Indoctrination to Terror

Two days after the attack, Hamas released a re-enactment video, said Avni. “They had actors get on a bus and ‘shoot’ another actor who was playing my father, and one playing a terrorist. They put it out to educate young children how to do terror attacks like that. And it got tens of millions of views,” said Avni.

 “An entire generation of kids grew up watching these movies all day long. Now they’re indoctrinated. It’s a culture of terror and death from kindergarten, summer camps, elementary schools, in high schools, in universities, anywhere children spend time.”

Abu Ganem, a resident of East Jerusalem who held an Israeli residency card, was tried in the District Court in Jerusalem, and sentenced to three life sentences. “He admitted to it, and there was no question that he and the other were both members of Hamas. He expressed zero remorse for what he had done,” said Avni.

A History of Prisoner Exchanges

Avni recalls the first time he expressed how adamantly he was against lopsided hostage deals.

Right after his family moved to Israel, a major prisoner exchange deal took place in May 1985, called the Jibril Agreement. “I remember telling my mother at the time – I was just about to enlist in the army – that if I ever get taken prisoner, don’t exchange any terrorists for me. It’s clear that they’re just going to come back and murder more people.”

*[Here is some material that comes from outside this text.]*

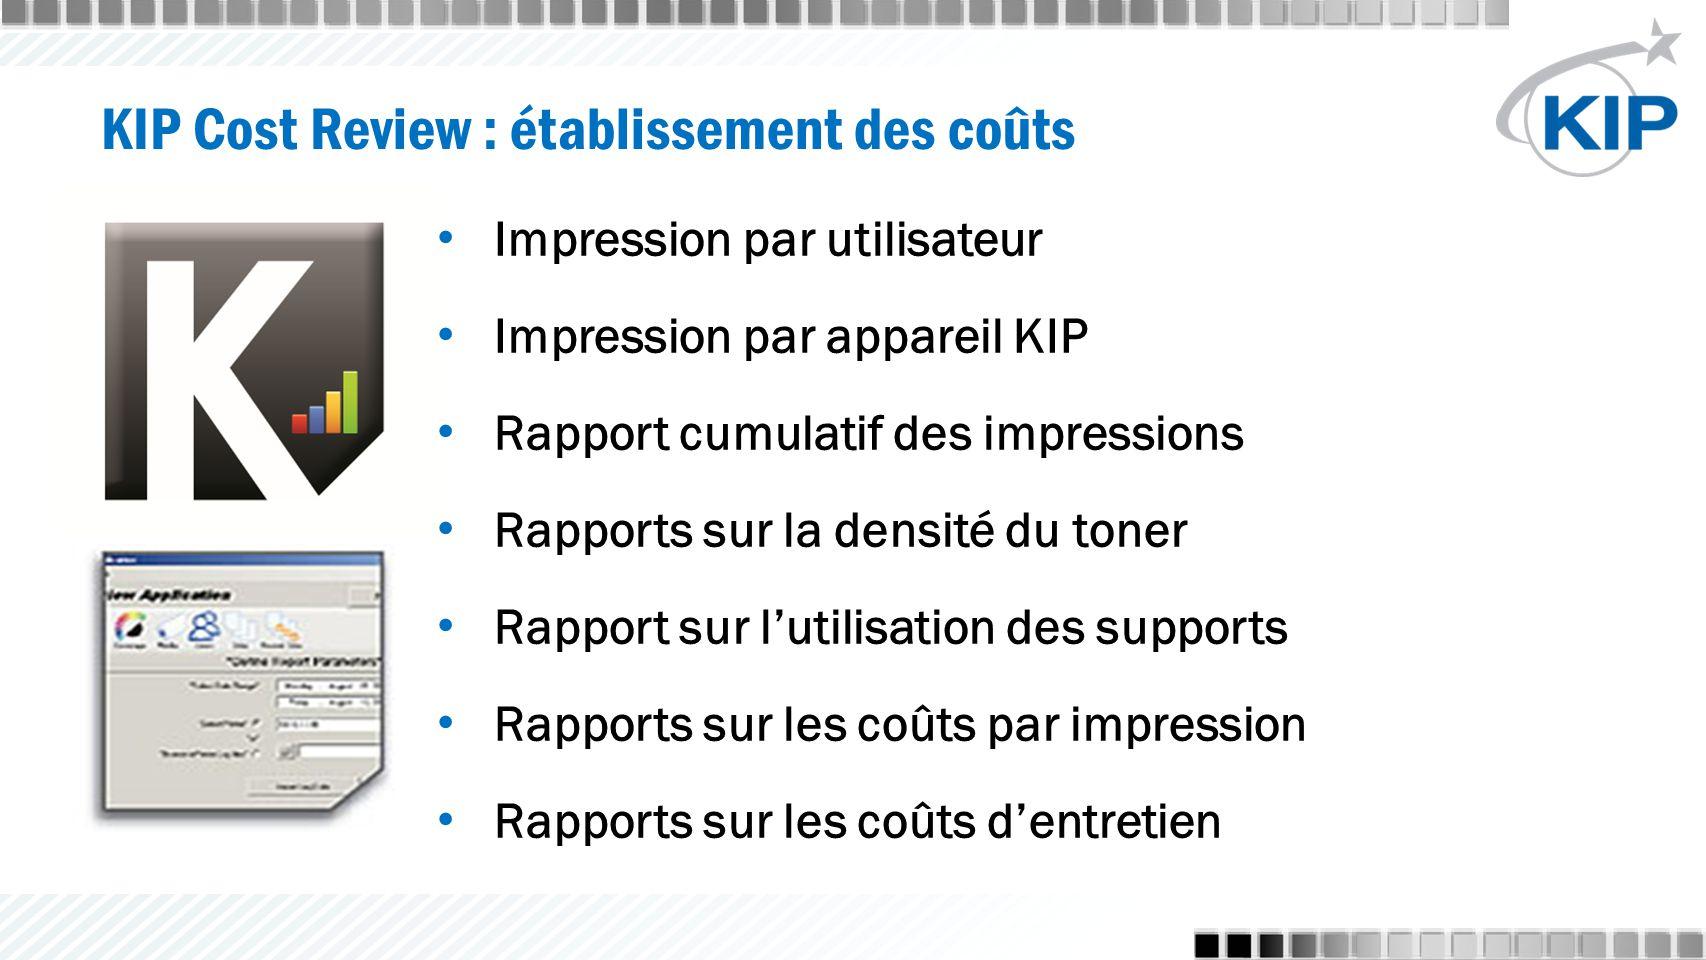 Impression par utilisateur Impression par appareil KIP Rapport cumulatif des impressions Rapports sur la densité du toner Rapport sur l'utilisation des supports Rapports sur les coûts par impression Rapports sur les coûts d'entretien

The Jibril deal took place between the Israeli government and the Popular Front for the Liberation of Palestine – General Command. Israel released 1,150 prisoners. In return, Israel received three prisoners captured during the First Lebanon War: Yosef Grof, Nissim Salem, and Hezi Shai.

The deal included the release of several high-profile prisoners including Ahmed Yassin, a Gazan Muslim Brotherhood leader who later became the spiritual leader of Hamas and Ziyad al-Nakhalah, who was serving a life sentence and later became the leader of Palestinian Islamic Jihad.

It set a precedent for future exchanges, including the Gilad Shalit prisoner exchange in 2011, where 1,027 Palestinian and Israeli Arab prisoners were released in exchange for one IDF soldier.

Yahya Sinwar, the mastermind behind the October 7, 2023 Hamas massacre, was released as part of the Shalit exchange. Avni saw this as epitomizing a long line of wrongful thinking amongst Israelis and the country’s elites.

Terrorists Do Not Play by Western rules


Avni said that in the past four decades, he watched Israeli leadership “become enamored with being accepted in the West, in a similar way that I watched lots of my Jewish friends in America trying to play both sides.Hamas are “like the Nazis, pure evil and sometimes it’s hard for the Western mind to grasp this.”

“But there is no reasoning with these people,” Avni said, referring to terrorists. “There is no negotiation. Their end goal is to destroy us, to destroy Israel, and for most of them, to take over the West, as well. So that’s ideological. You have to destroy them before they destroy you.” In the time he ran a finance business with thousands of clients across the Arab world, he noticed that their culture respected strength, and “abused weakness,” and he believes the time has come for Israel and her allies to be “strong handed with terrorists.”